The cat completely ignores me. Which isn’t surprising, because she’s a freaking cat who can’t understand a word I’m saying.

I come a little closer to her, making cat noises. I hold the flashlight steady, thinking maybe she’ll follow it. Don’t cats like to follow lights?

It’s only when I’m a few feet away that I notice it.

When I walked into the basement, I assumed she was lapping at a puddle of water. Now that I’m closer, I realize that it’s not water. The puddle is dark red.

I glance above me at the lightbulb. God, I wish it were brighter in here

—how could I let it blow out like that? I shine my light directly on the puddle. It’s definitely red. It’s not dirt or something like that.

I crouch down to get a closer look. With shaking hands, I run my index finger along the red liquid. I’ll bring my finger closer to my face to take a

better look.

Oh my God, I think it’s blood.

For a moment, I’m certain I’m going to be sick. I hunch over, swallowing the bile that rises in my throat. If I had anything for dinner, I almost certainly would be watching it come up in reverse right now.

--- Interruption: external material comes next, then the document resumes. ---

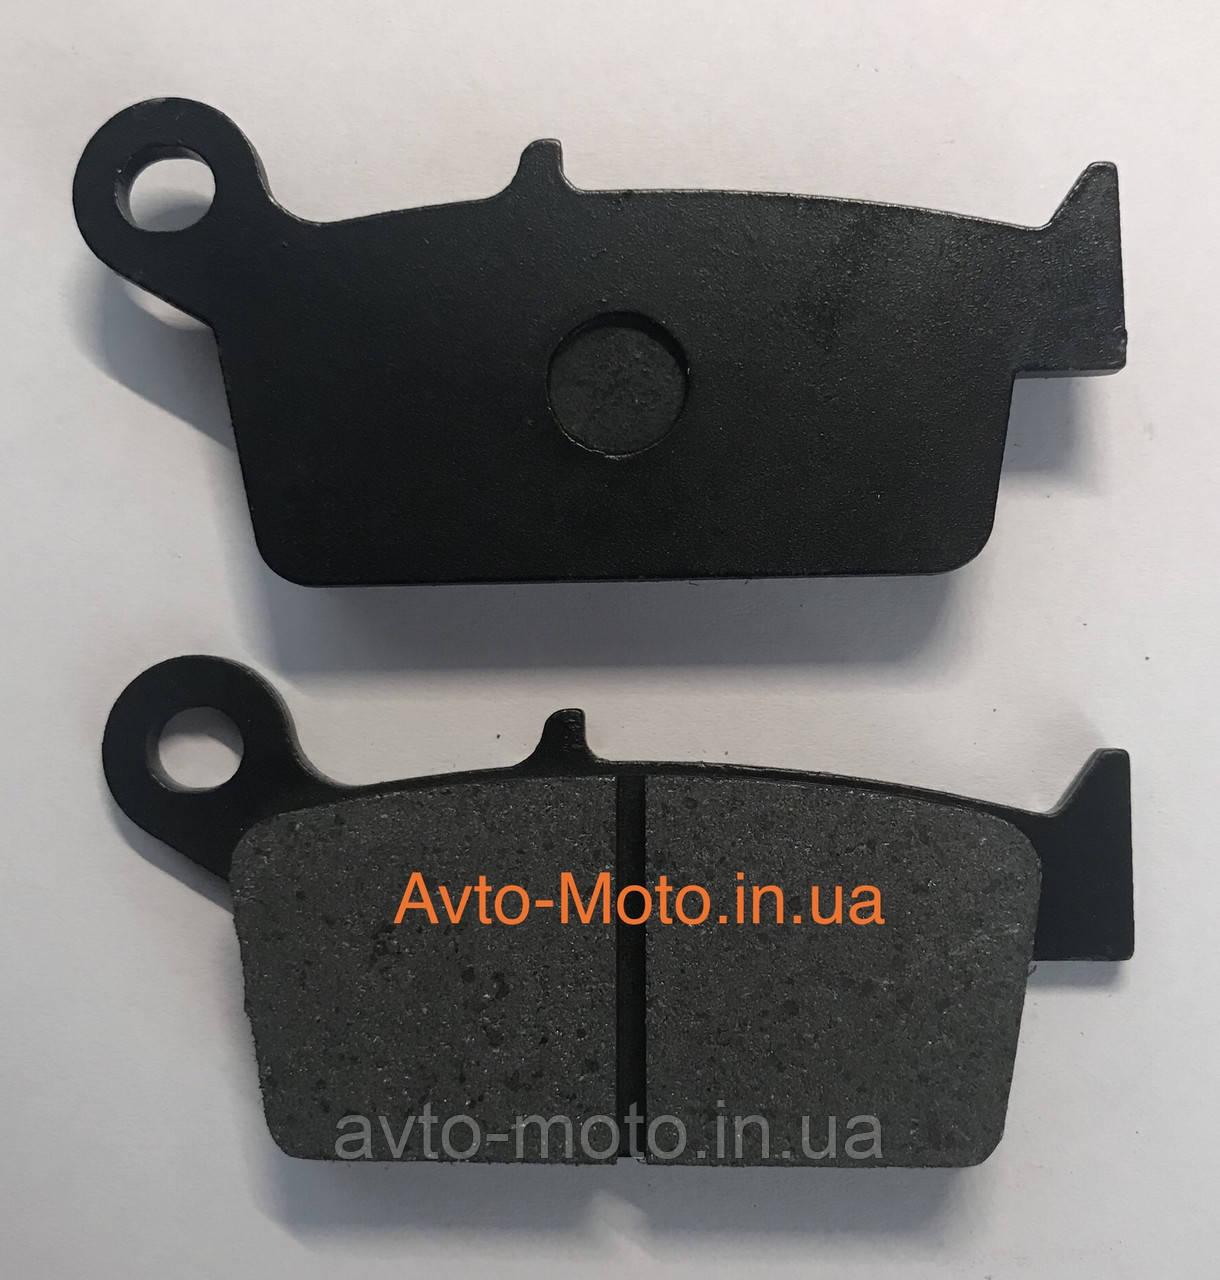 Колодки переднього дискового гальма GY6 50-150
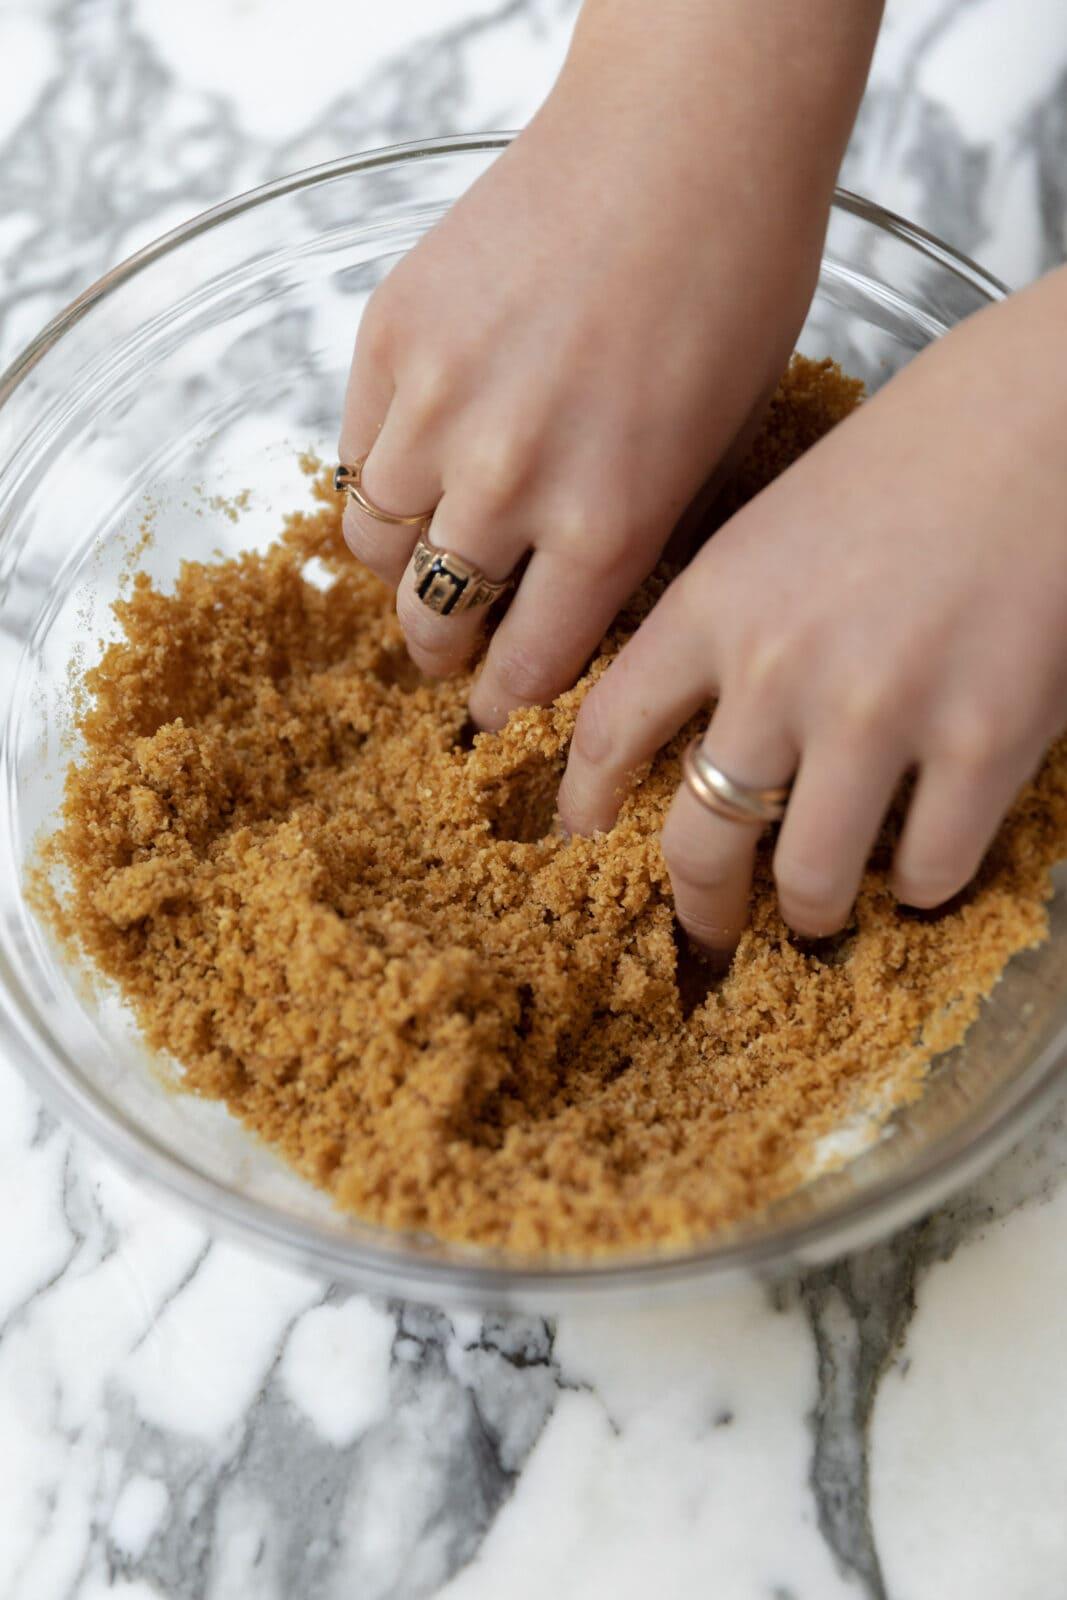 dörzsölje össze a sajttorta tésztát, amíg nedves homoknak nem tűnik

After a couple of minutes of dizziness, I manage to compose myself. I stare down at my fingers, still stained with crimson. Blood. I’m so sure of it now. I’ve seen enough blood to recognize it.

But why is it in my basement?

A horrible thought occurs to me. If I had caved and let Detective Barber look around my house, he would have discovered this blood. And I would probably be in jail right now. Thank God Brady knew enough to stop him.

Is that why the blood is here? Did somebody plant it in my basement to frame me? Is this the blood of Amber Swanson or Shelby Gillis?

Or did something horrible happen in this basement since the last time I’ve been here?

If something did happen down here, it happened recently. The blood hasn’t had a chance to dry.

I look up at the cat, who is still lapping at the puddle of blood. I swat at her. “Get away from that!”

This time she listens to me. She scurries away from the puddle, and I hear her footsteps going up the stairs. Great—she’s probably going to track blood all over my floor.

I don’t know what to do. No, I do know what to do. I should call the detective and tell him everything. I still have his business card, and I’m sure he would take my call. But I also know how terrible this looks for me. Am I supposed to tell him that a pool of blood magically appeared in my basement? Is there any chance in hell he’ll believe that, knowing who my father is?

No, if I tell him about this, I’ll be his number one suspect. If I’m not already. I’ll probably end up leaving the house in handcuffs.

My best bet is to clean this up before anyone else can see it. And as soon as I deal with my broken down car and finish speaking to the detective tomorrow, I’m going to get an alarm system for my house. Nobody’s getting in here ever again without my permission. Even a cat.